Exercise prompt – Beginning with the line below that contains "Black and white" and ending with the line that contains "PartyLite Snowbell Candle", retype every line exactly. Pictures are not copied.

Working data –
================

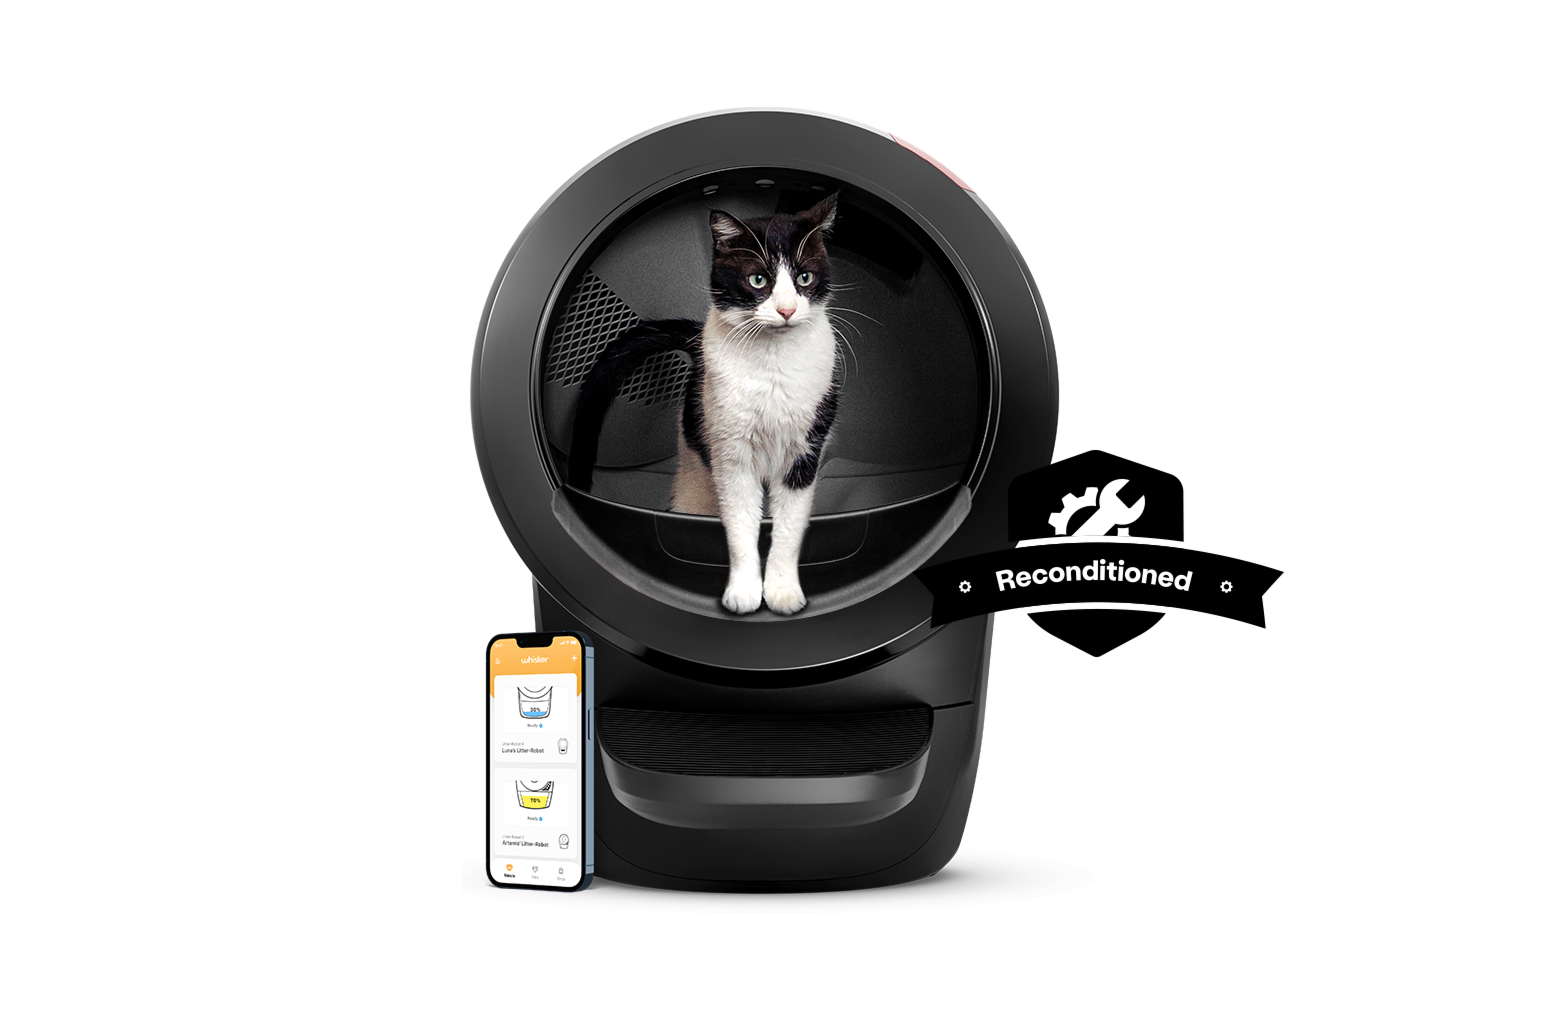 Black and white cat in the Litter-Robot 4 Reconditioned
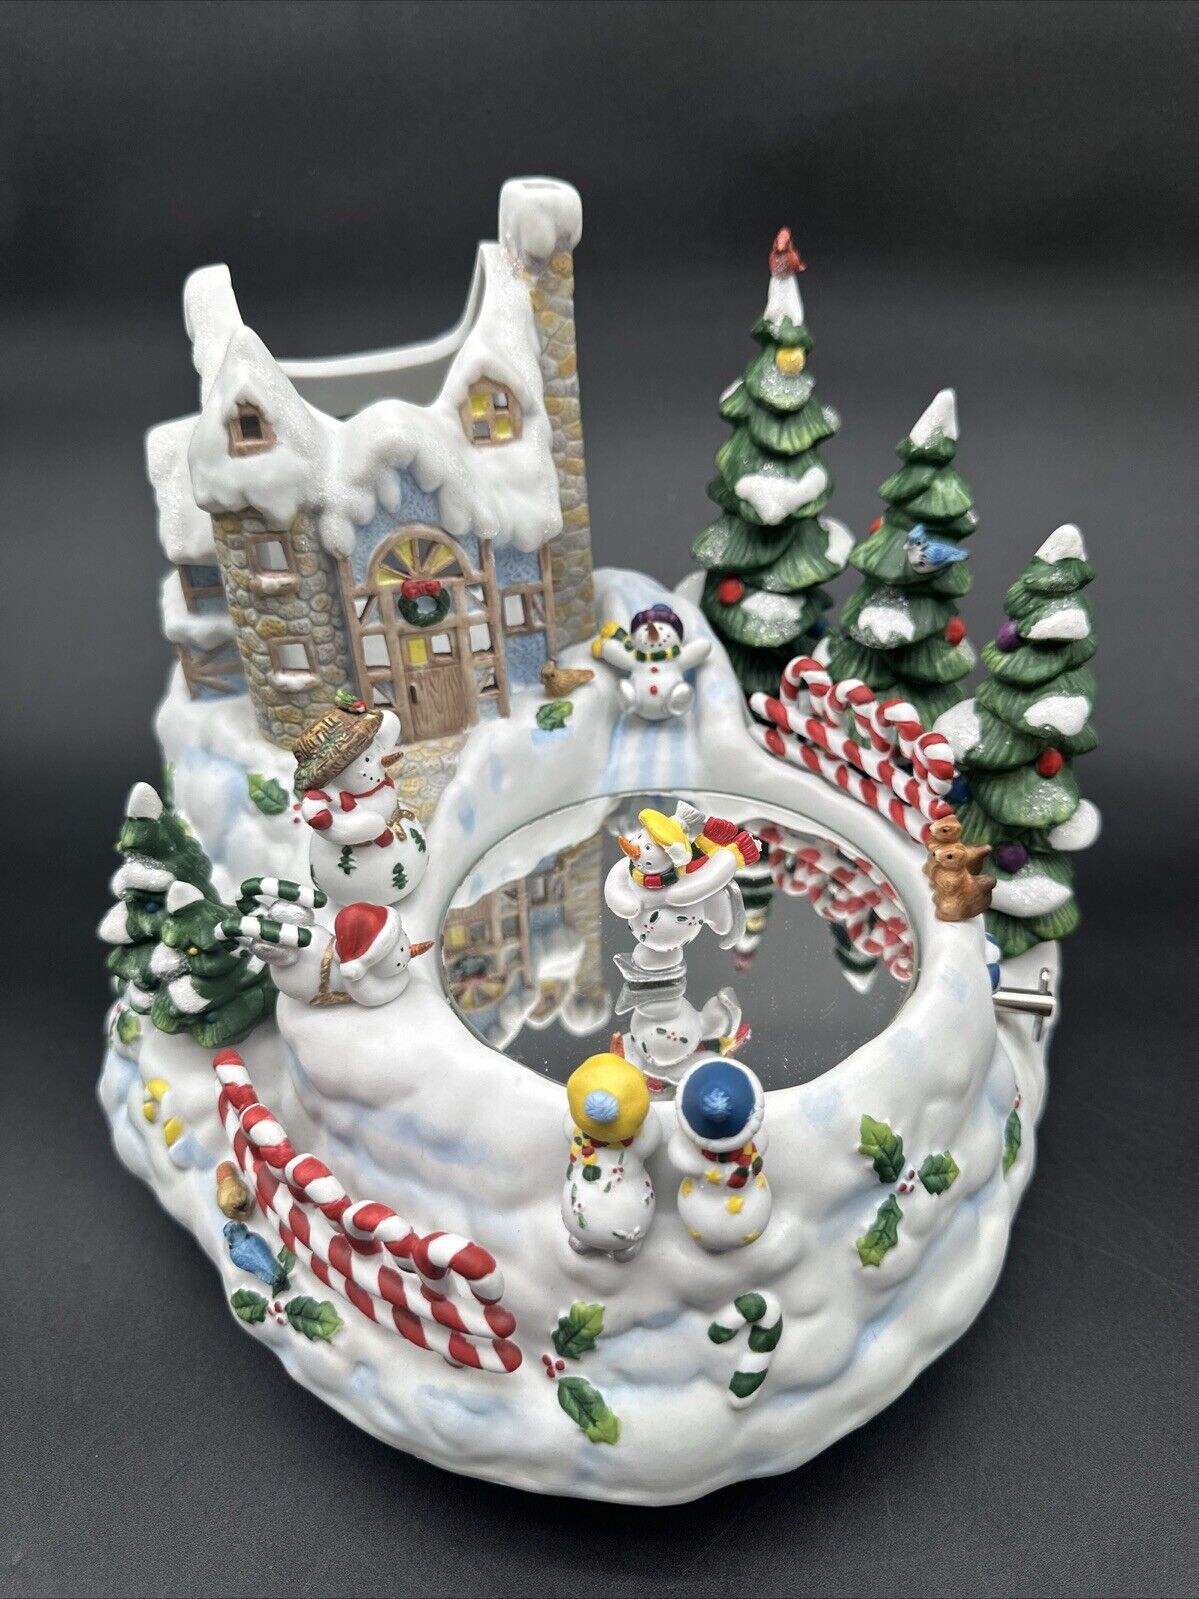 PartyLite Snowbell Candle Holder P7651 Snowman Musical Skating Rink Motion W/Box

================

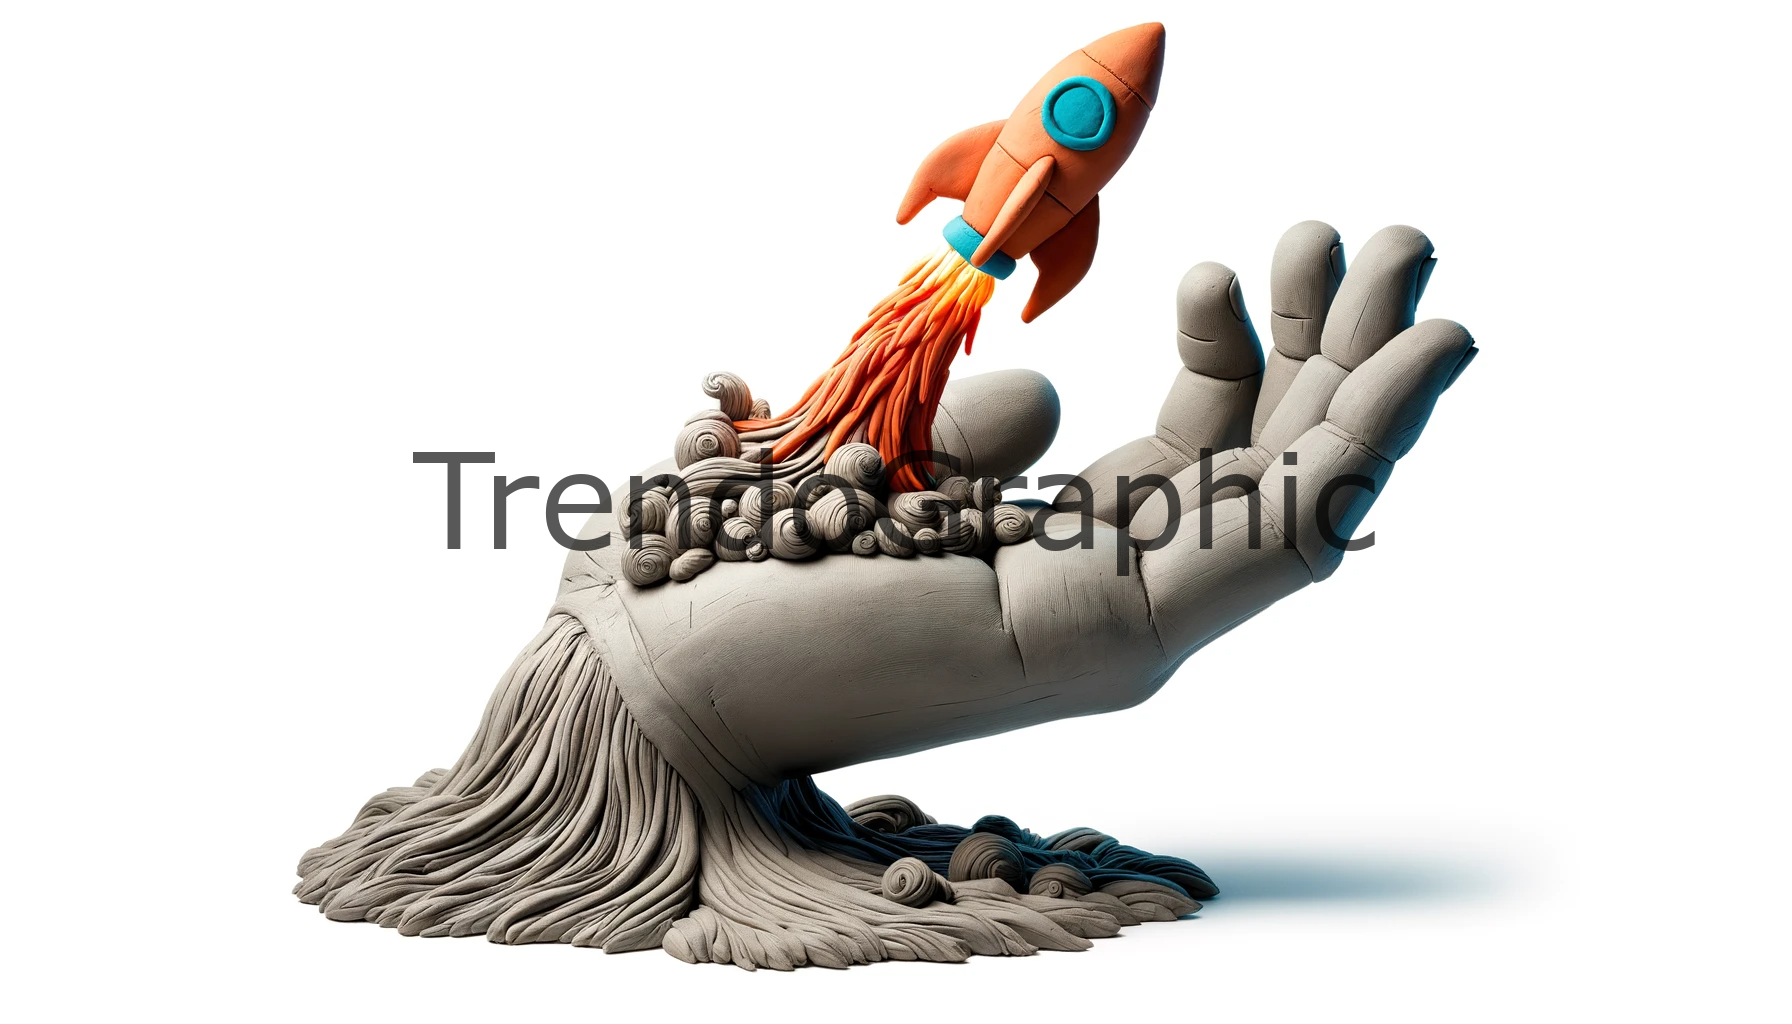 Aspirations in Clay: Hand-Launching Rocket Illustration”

================

Exercise response –
 Black and white cat in the Litter-Robot 4 Reconditioned
 PartyLite Snowbell Candle Holder P7651 Snowman Musical Skating Rink Motion W/Box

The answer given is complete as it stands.